Posted: Wed Feb 13, 2019 8:58 pm
by Lazarus
Ok - this is potentially very crap as I will be in the middle of nowhere in April, reliant on GPS. How can I tell if my device will conk out or not?
the link said that any device after 2010 was likely to be ok

I would contact the manufacturer/ make sure it was updated

Re: Potential April GPS issues for older units

Posted: Wed Feb 13, 2019 9:17 pm
by GregMay
u02sgb wrote:https://www.theregister.co.uk/AMP/2019/ ... poch_ends/

Hope Mountain Rescue aren't busy in April!
We're pretty much always busy. Shouldn't affect our mapping capabilities though.
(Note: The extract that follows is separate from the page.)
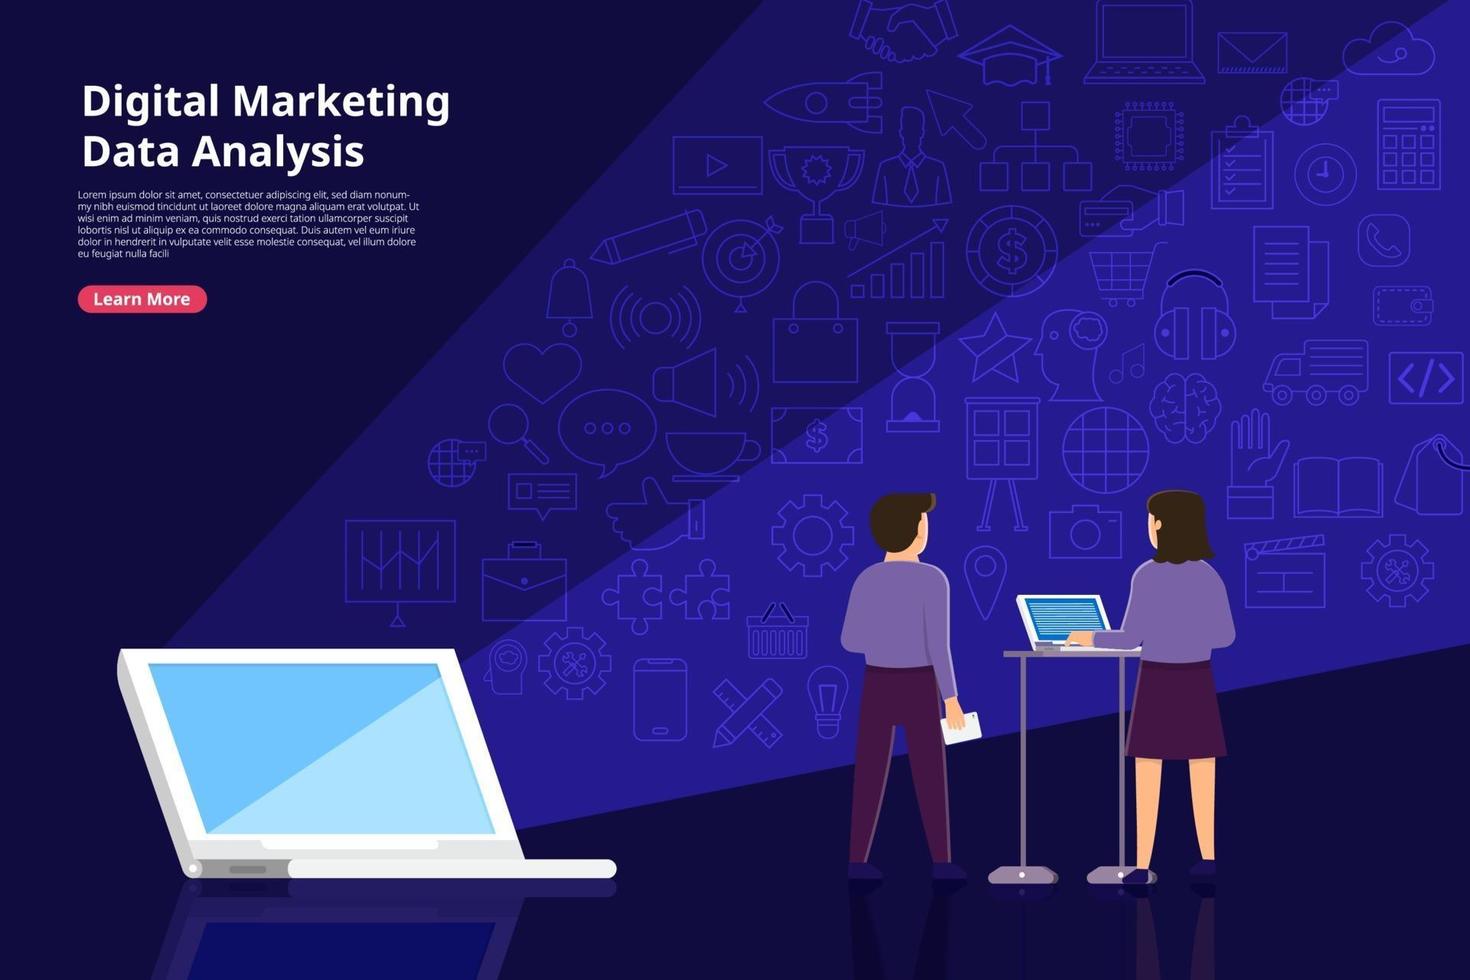 analisi di marketing digitale vettore

Re: Potential April GPS issues for older units

Posted: Wed Feb 13, 2019 10:09 pm
by whitestone
Still we've got just short of nineteen years to deal with the end of 32 bit time :wink:

Re: Potential April GPS issues for older units

Posted: Thu Feb 14, 2019 12:19 am
by u02sgb
Sorry Greg, was more meaning for the extra work! Don't think you'd have got into basic training relying purely on a GPS.

Re: Potential April GPS issues for older units

Posted: Thu Feb 14, 2019 11:36 am
by Richard G
Bearbonesnorm wrote:I'm just trying to get my head round this please humour me ... so, what everyone's saying is that Y2K was a problem for some companies relating to their software / hardware and not a complete meltdown of the internet and electronic world as was touted about at the time?
Well, the internet would have melted down for sure had the infrastructure guys not patched the hardware. But obviously you don't hear about it... because they did!
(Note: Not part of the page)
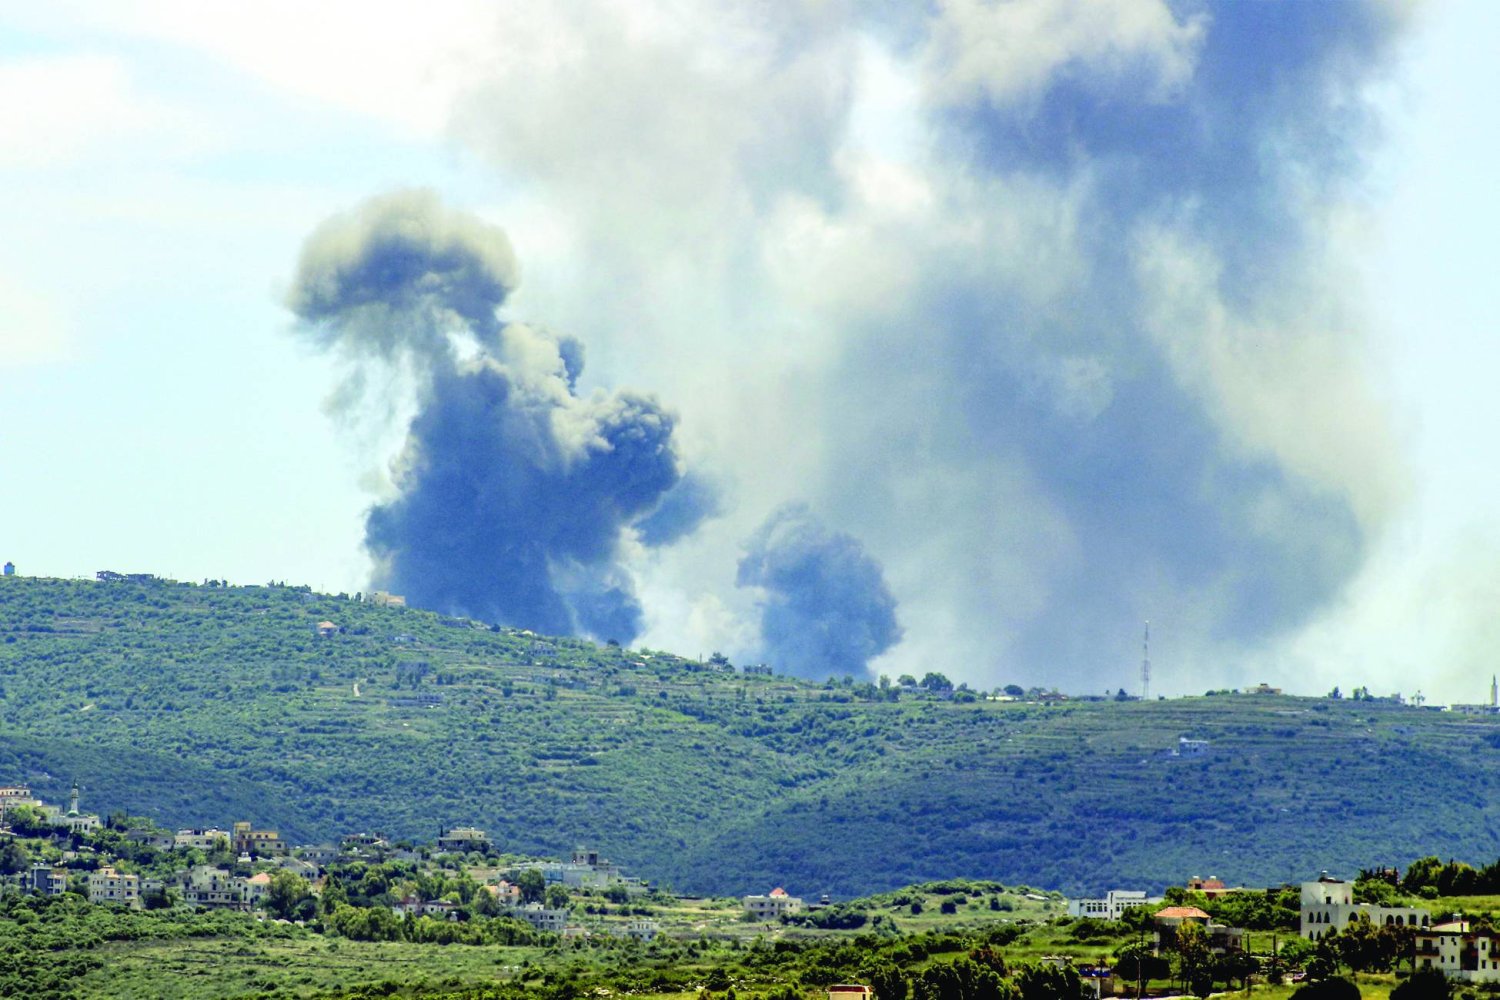 
الدخان يتصاعد نتيجة غارة اسرائيلية استهدفت مروحين جنوب لبنان (أ.ف.ب)

I can't speak for planes falling out of the sky etc. My assumption would be that aeronautical systems would have probably needed patching the same as most other systems, but I haven't read what catastrophic effects if any would have occurred (not my industry).

Re: Potential April GPS issues for older units

Posted: Thu Feb 14, 2019 2:17 pm
by mechanicaldope
So basically, we didn't all get lost and stranded in the snowy mountains because we realised that it would be better to have a look at the map before we set off. I think.